Recently, the market has been considering the view that too much capital has poured into the AI ​​craze, leading to uncertainty about revenue and actual profit prospects, and thus casting doubt on high valuations.

In fact, so far, most of the warnings about overvaluation have come from investors and financial leaders. Goldman Sachs CEO David Solomon and Morgan Stanley CEO Ted Pick have warned that a correction is possible as some major technology companies' valuations reach all-time highs.

Concerns about an "AI bubble"

It is worth noting that a growing number of corporate executives are also expressing concerns about an "AI bubble".

At the Web Summit technology conference in Lisbon, Jarek Kutylowski, CEO of the German AI company DeepL, said: "I think these assessments are exaggerated in some places, and there are signs that a bubble is about to appear."

Picsart CEO Hovhannes Avoyan aptly pointed out: "We see many AI companies with very high valuations even without any revenue."

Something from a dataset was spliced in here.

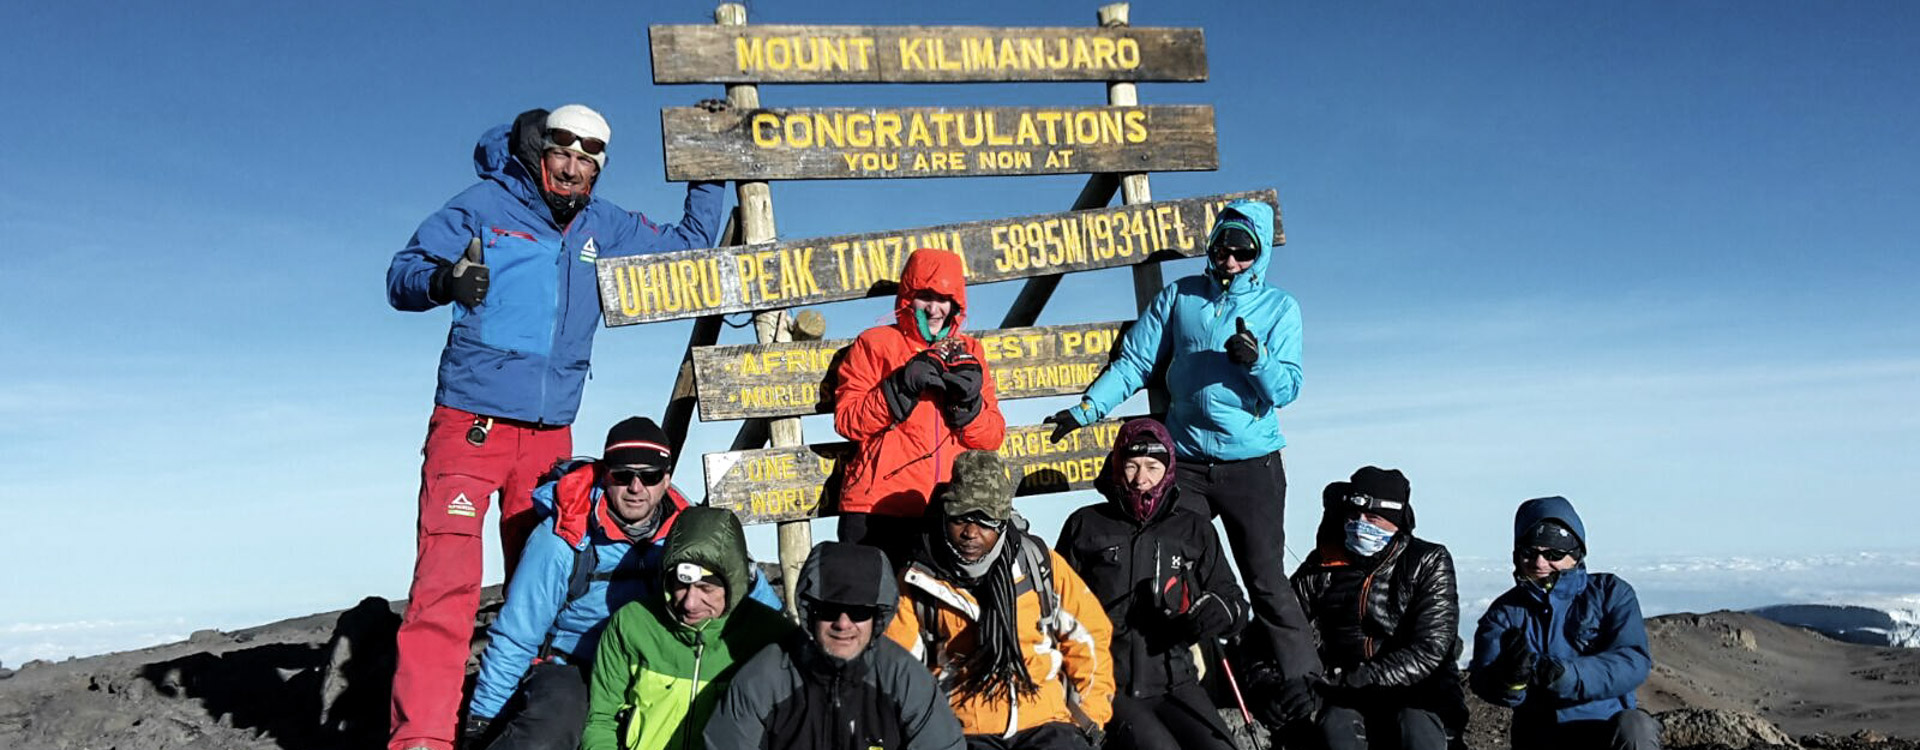 Kilimanjaro Gipfel

Furthermore, the market has expressed concerns about the massive capital expenditures in the AI ​​field. A recent report from venture capital firm Accel indicates that by 2030, the number of newly built AI data centers is expected to reach [a certain figure]. The capacity will reach 117 gigawatts, which means approximately $4 trillion in capital expenditure over the next five years.

According to Accel's report, approximately $3.1 trillion in revenue would be needed to offset this capital expenditure.

Since the beginning of this year, Nvidia Giants like OpenAI have announced a series of multi-billion dollar deals aimed at developing data center capacity around the world to meet growing demand.

Ben Harburg, managing partner at Novo Capital, said the figures for future investments being discussed by large tech companies may be exaggerated.

Ben Harburg said, “We’ve heard some crazy headlines about how much energy is needed and how many chips are needed. But I think it’s probably more of a bubble inflating than the front end, the actual product front end.”

Even OpenAI co-founder and CEO Sam Altman admitted, "I think we're starting to realize that data centers may be over-prosperous."

Despite concerns about an "AI bubble," the tech industry remains optimistic about AI's long-term potential. Lyft CEO David Risher stated that given AI's potential impact, there are reasons to be optimistic, but he also acknowledged the risks.

David Risher stated, "Let's be clear, we are absolutely in a financial bubble. Because this is an incredible, revolutionary technology. Nobody wants to be left behind."

The tech company CEOs also discussed their outlook on enterprise demand for AI in 2026. Kutylowski stated that there is currently a lot of demand and interest, with a large number of companies "striving to adopt" AI.